GDO'lu ürünlerin insan vücuduna karıştıktan sonra kanla, tüm organlara taşındığını belirten Arslan, “Bazı organlarımıza daha fazla kan gider. Beyimiz ve üreme organlarımız bunların başlıcasıdır. GDO'lu ürünlerde beyni ve üreme organlarını etkiler. Bakın sağlıklı insanın iki ölçütü vardır, birincisi akıl sağlığı yerindedir. İkincisi üreme sağlığı yerindedir. Bu fonksiyonlar normal çalışıyorsa, sağlıklı insandan bahsedilebilir” dedi.
“MARGARİNDEN UZAK DURUN, ŞEKİLSİZ MEYVE SEBZELERİ TERCİH EDİN”

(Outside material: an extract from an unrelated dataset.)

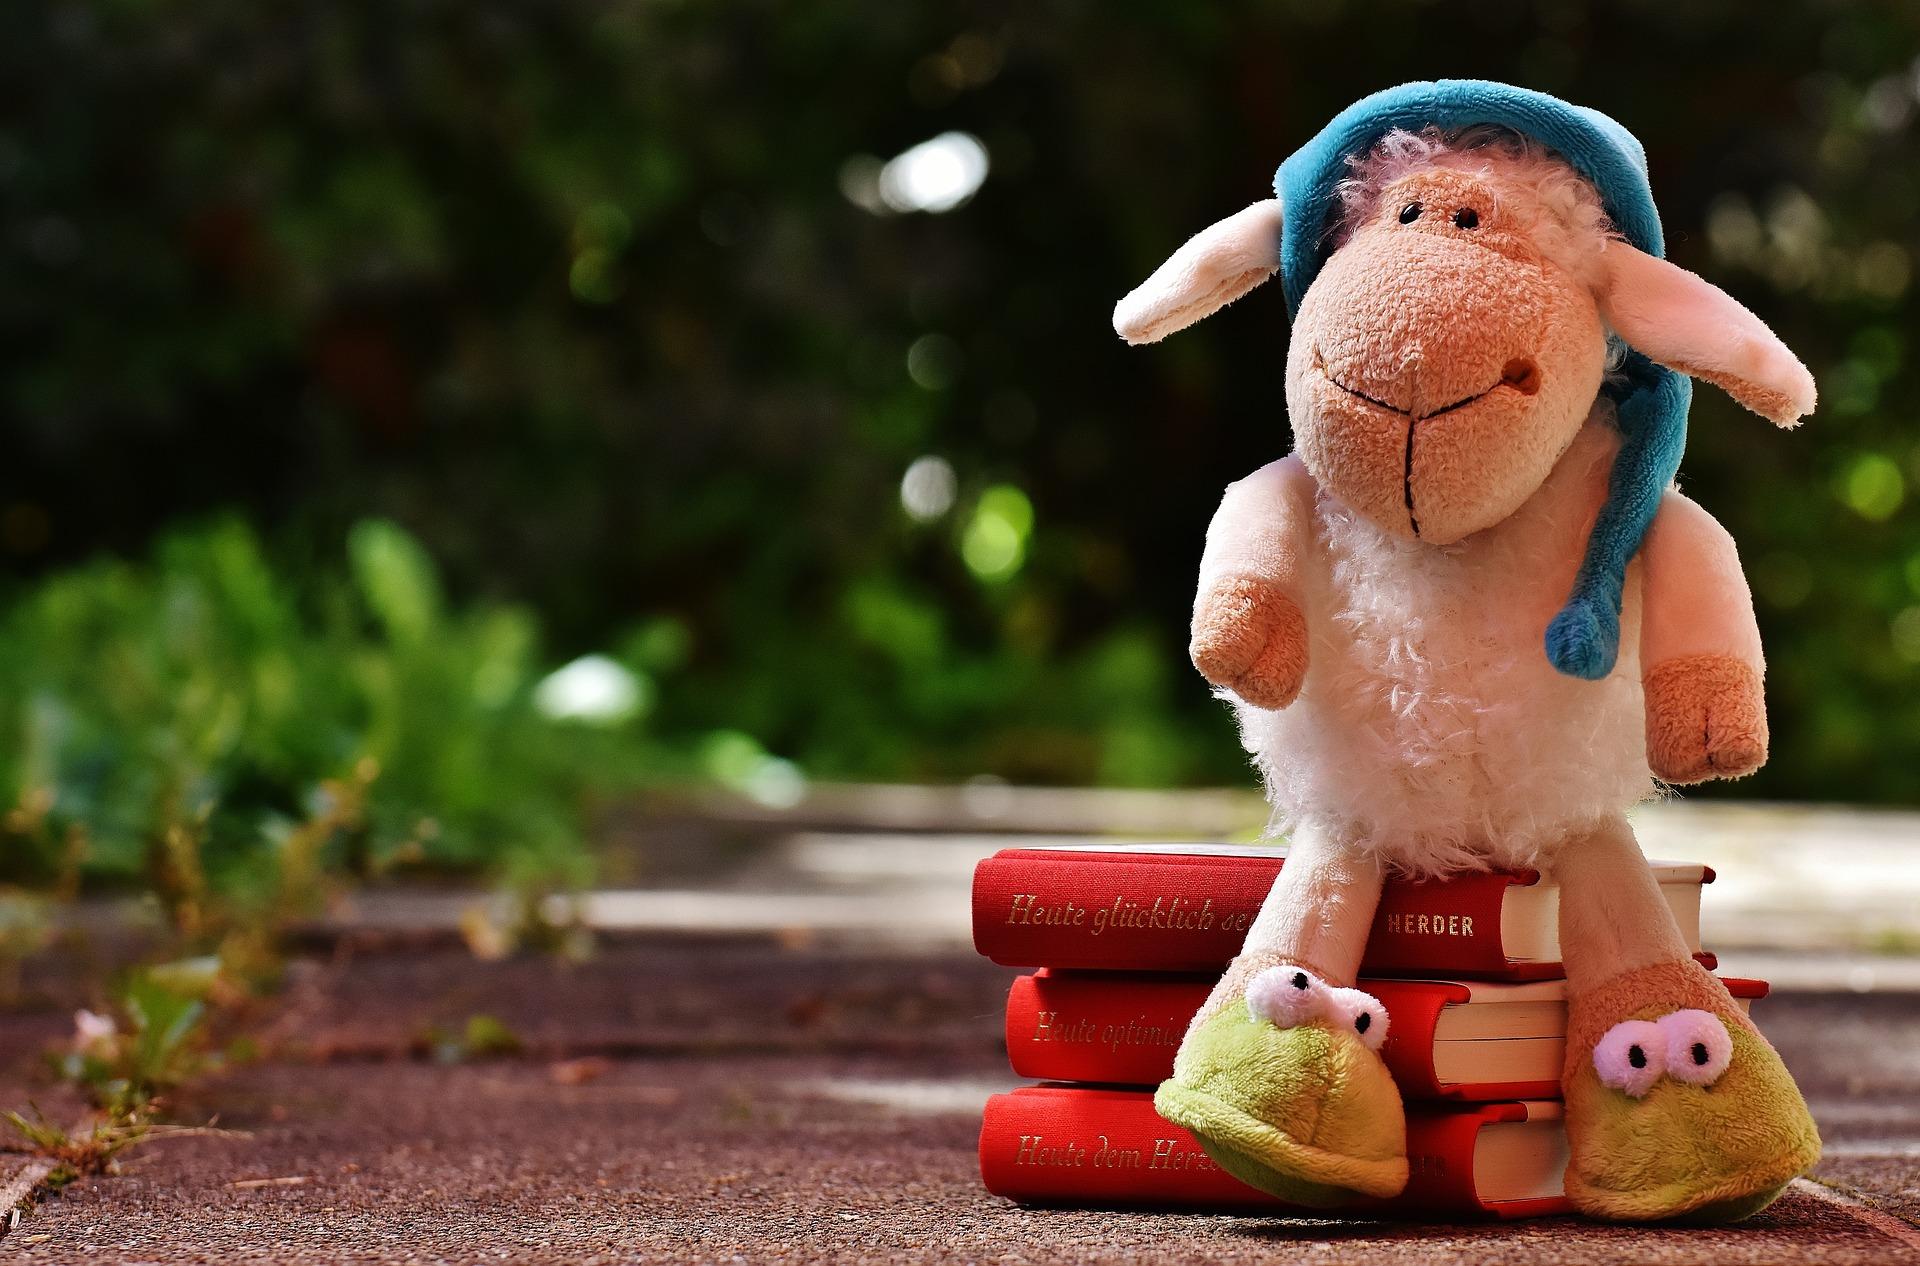 sheep-1592614_1920.jpg

GDO'lu gıdaların farklı ürünlerle soframıza sıkça uğradığını söyleyen Prof. Dr. Orhan Arslan, özellikle margarin tüketiminin azaltılması gerektiğini belirterek “GDO farklı şekillerde soframıza geliyor. Mesela margarin. Ben margarin kullanmıyorum. Onun yerine tereyağı kullanıyorum. Tereyağı ile margarini yan yana koyun ikisinin de üstünü açık bırakın. Bir müddet sonra tereyağının sineklendiğini bakteri ürettiğini görürsünüz. Sinek margarine gitmez, çünkü doğal değildir. Tereyağı varken niye plastiğe gitsin. Pazardan alışveriş yaparken, tornadan çıkmış gibi aynı ölçüde, göz alıcı meyve ve sebzeleri de tercih etmeyin. Şekli asimetrik olanlar, kurtlu olanlar doğal ve sağlıklı besin kaynaklarıdır. Eskiden kurtlu olmasın diye bakardık, şimdi kurtlu böcekli yiyecek arıyoruz” şeklinde konuştu. Konferansın sonunda dinleyicilerin sorularını yanıtlayan Prof. Dr. Orhan Arslan'a AİBÜ Rektör Yardımcısı Prof. Dr. Mehmet Bahar tarafından çiçek ve teşekkür plaketi takdim edildi. AİBÜ'lü öğrencilerin yoğun ilgi gösterdikleri konferansın sonunda, öğrencilerle bol bol hatıra fotoğrafı çektiren Orhan Arslan, Bolu'ya yabancı olmadığını, Bolu'yu kendi memleketi olarak gördüğünü ve her türlü konuda Abant İzzet Baysal Üniversitesi'nin yanında olduğunu söyledi.